Exercise: All entries below must be written out verbatim, and the images must be dropped.

Data:

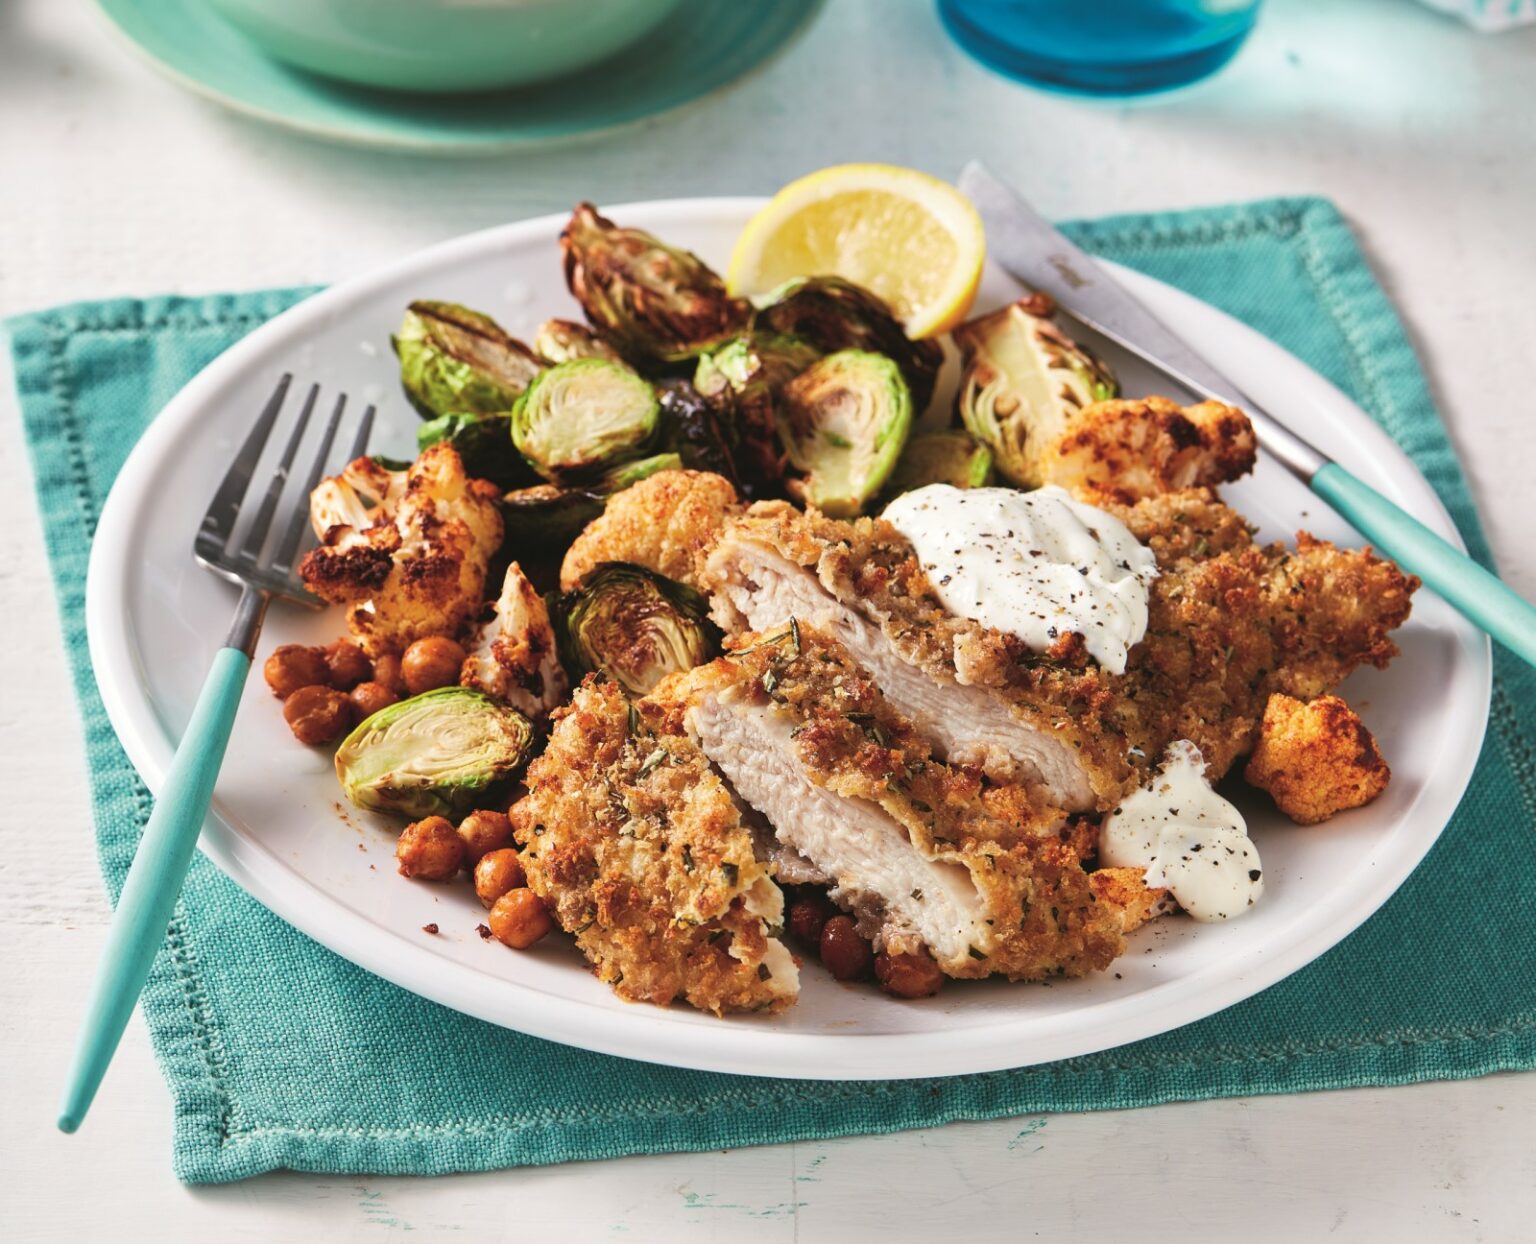 Air-fryer rosemary and rye crumbed chicken schnitzel with crispy Brussels sprouts
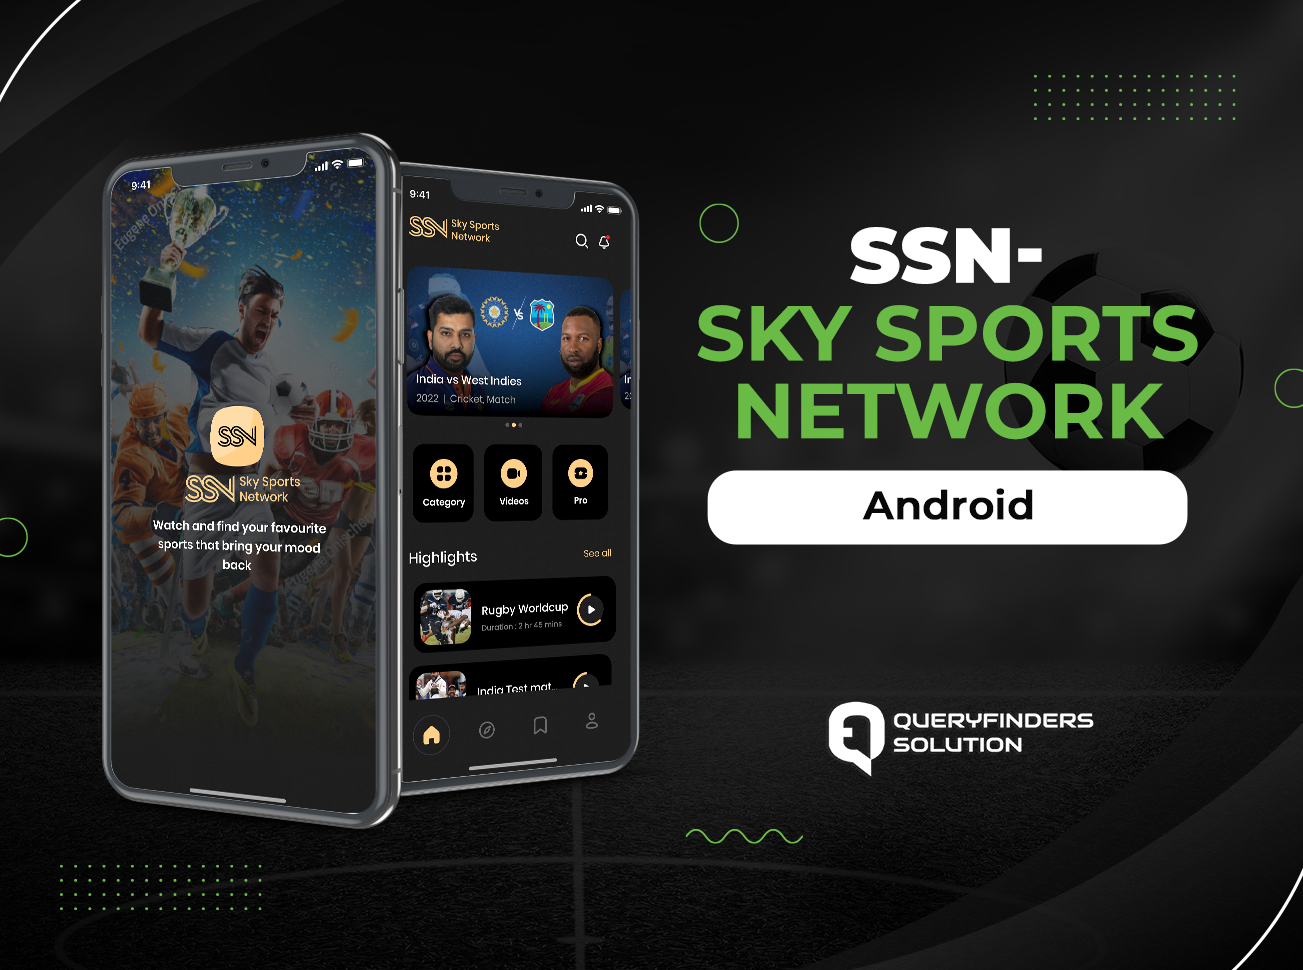 SSN- Sky Sports Network
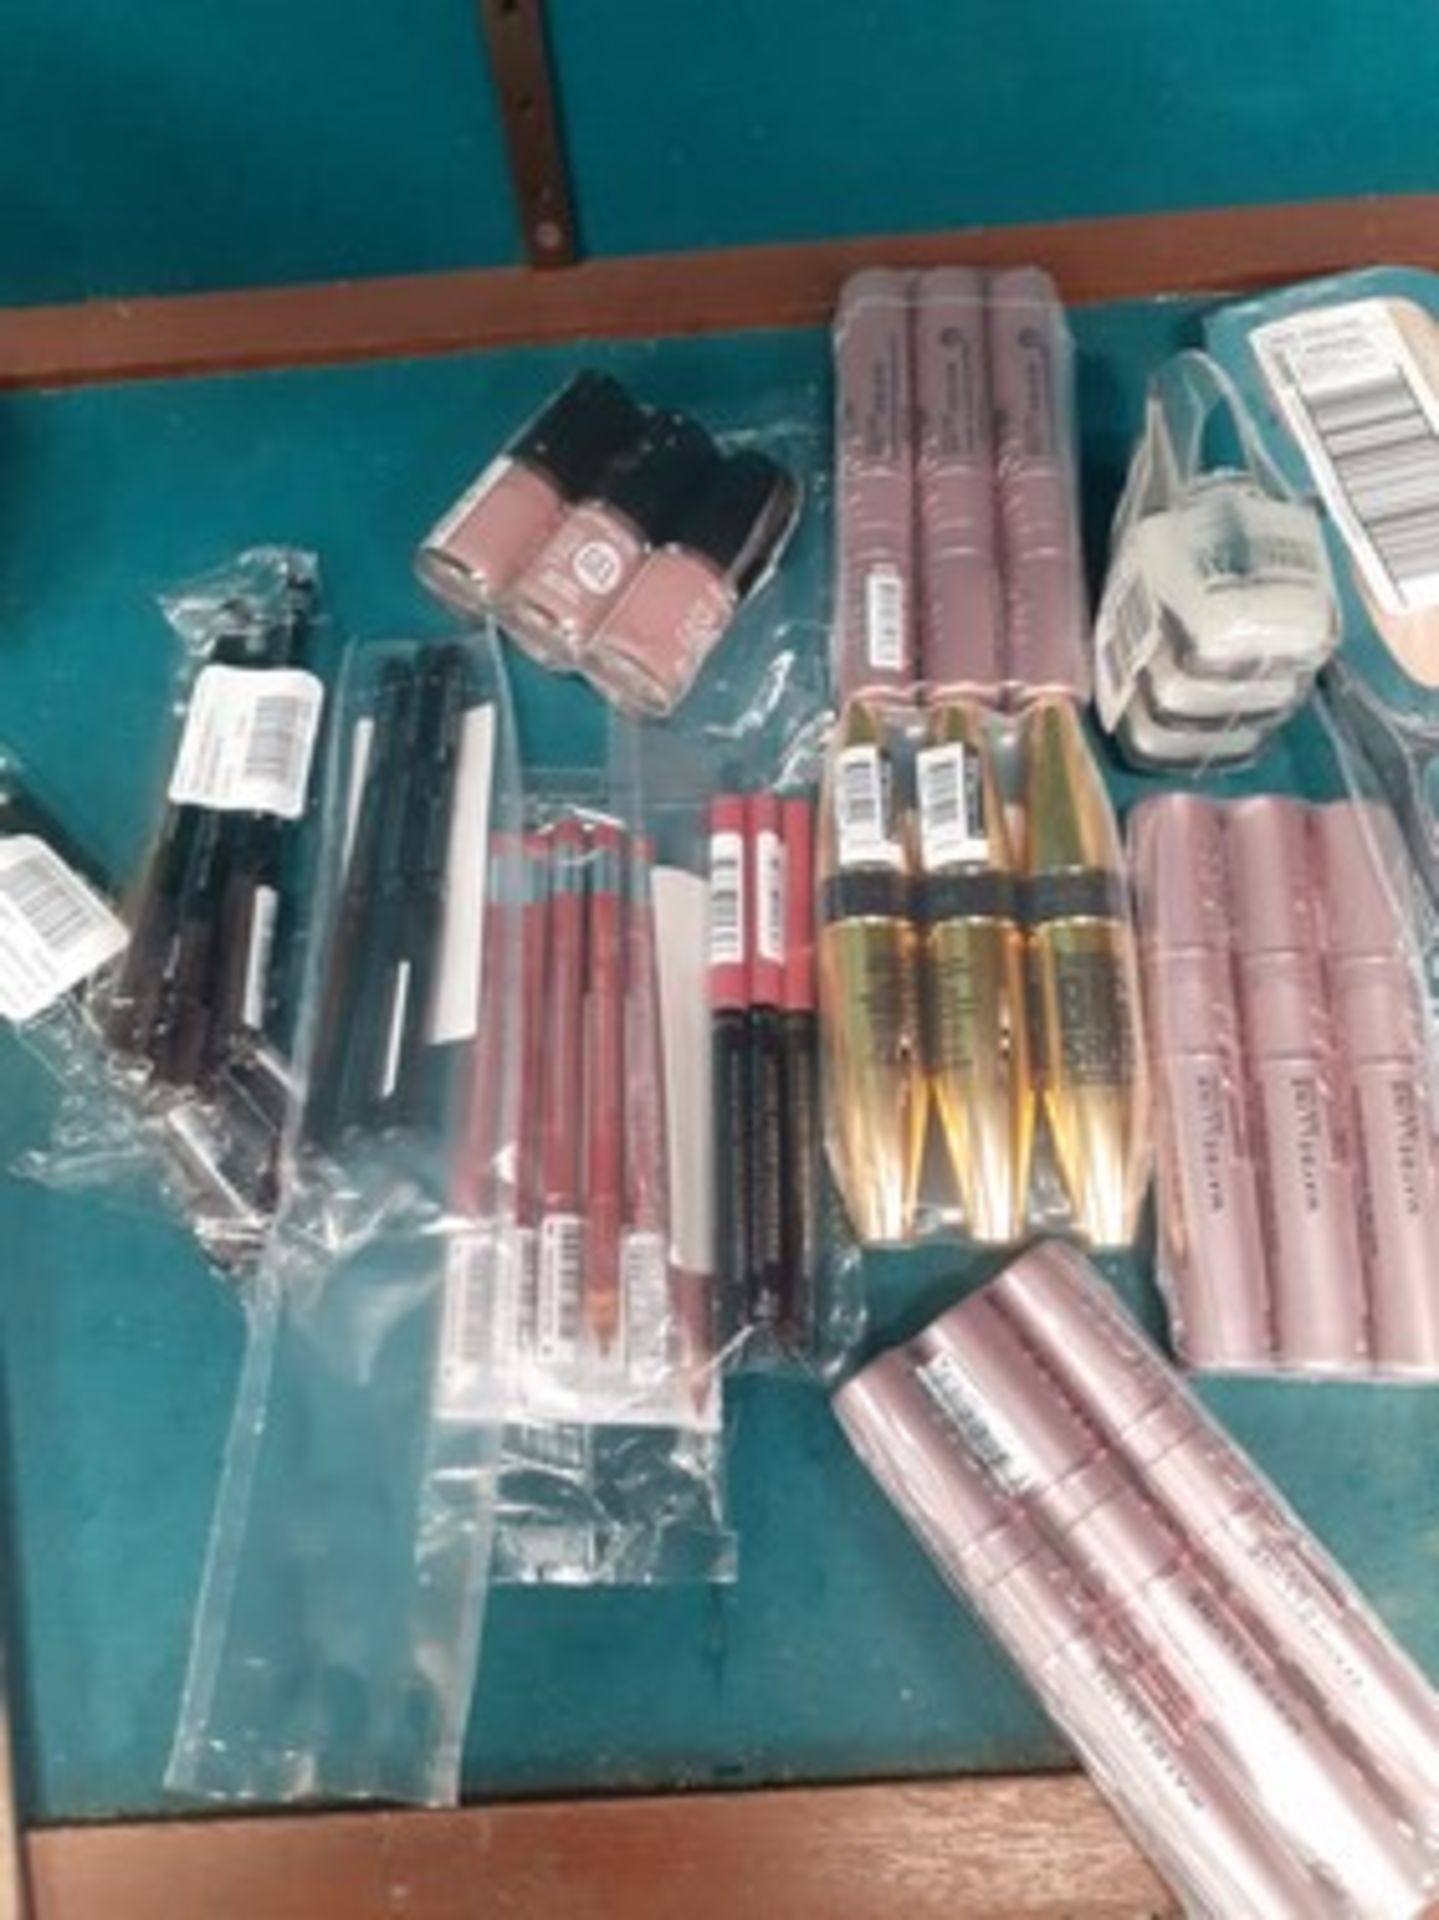 A good quantity of cosmetics by Maybelline, L'Oreal and Rimmel including, mascara, foundation, - Image 3 of 4
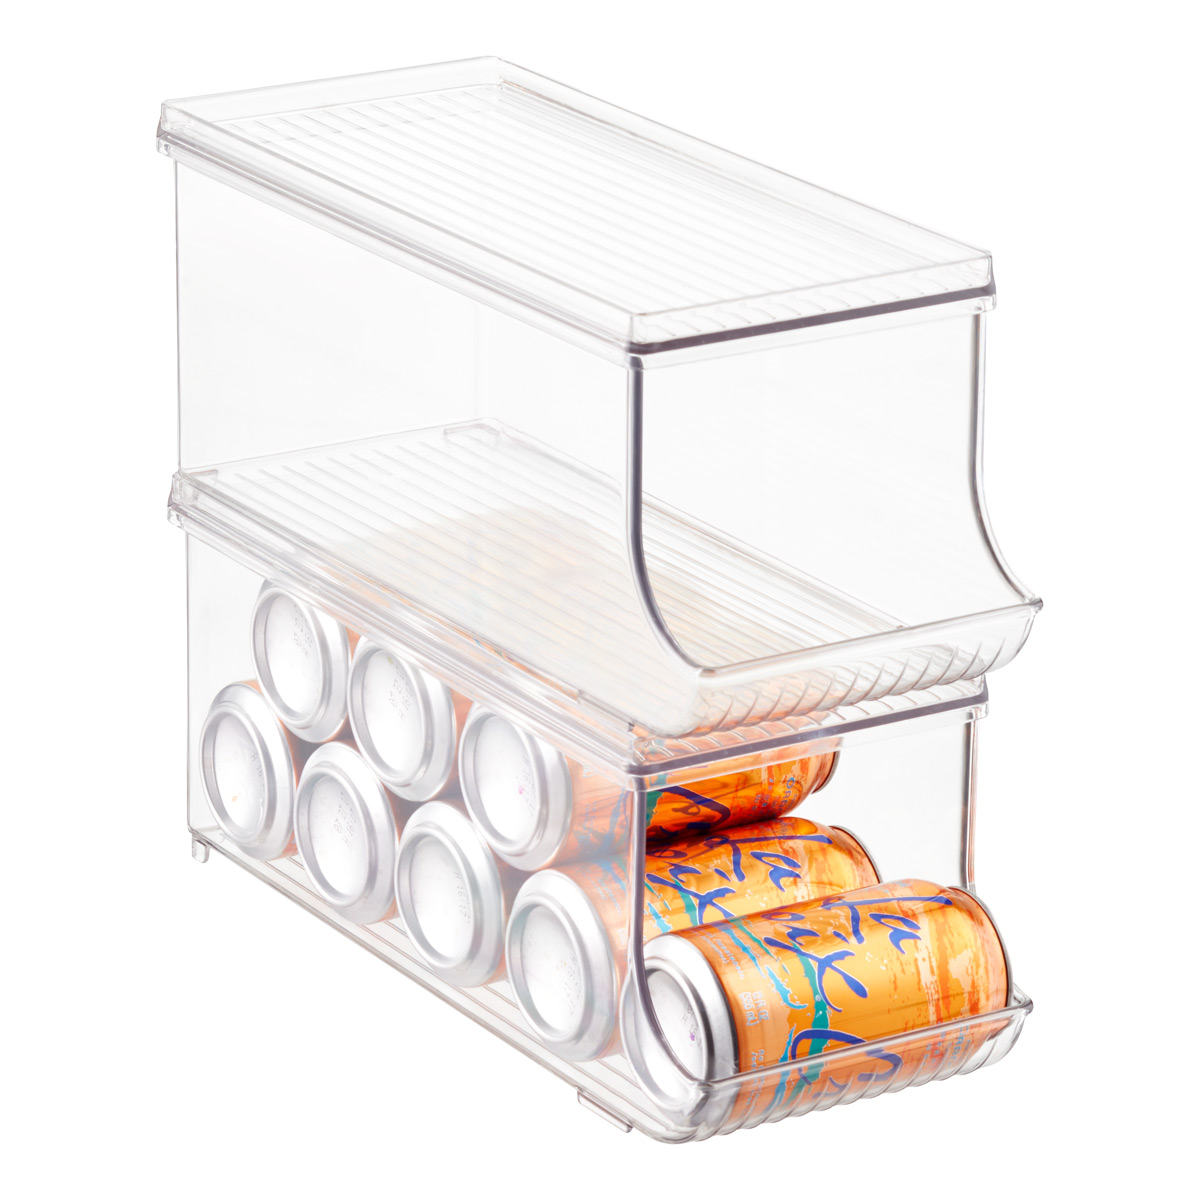 https://www.containerstore.com/catalogimages/308041/10071150-linus-soda-can-organizer-pl.jpg
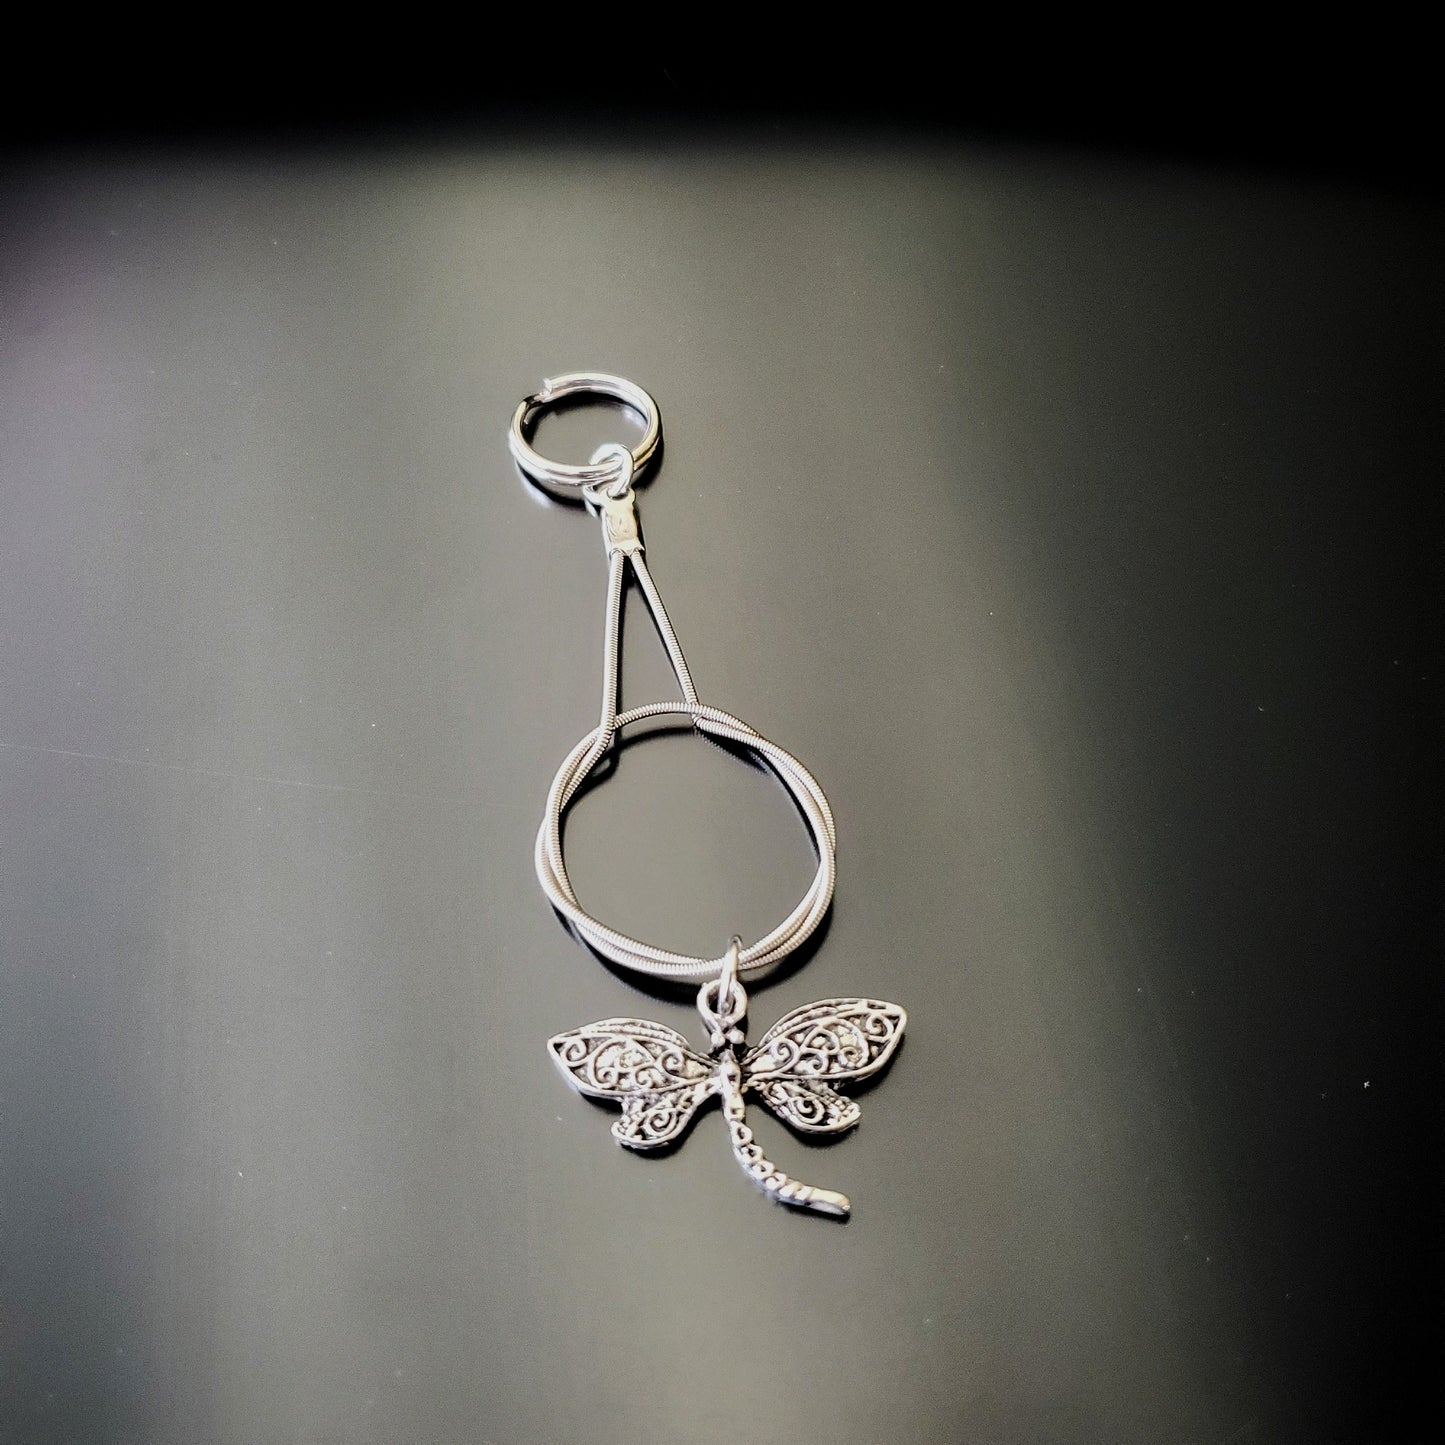 silver coloured keychain made from an upcycled guitar string on which hangs a silver coloured dragonfly pendant black and grey background

Written solution:
 Air-fryer rosemary and rye crumbed chicken schnitzel with crispy Brussels sprouts
 SSN- Sky Sports Network
 A good quantity of cosmetics by Maybelline, L'Oreal and Rimmel including, mascara, foundation, - Image 3 of 4
 https://www.containerstore.com/catalogimages/308041/10071150-linus-soda-can-organizer-pl.jpg
 silver coloured keychain made from an upcycled guitar string on which hangs a silver coloured dragonfly pendant black and grey background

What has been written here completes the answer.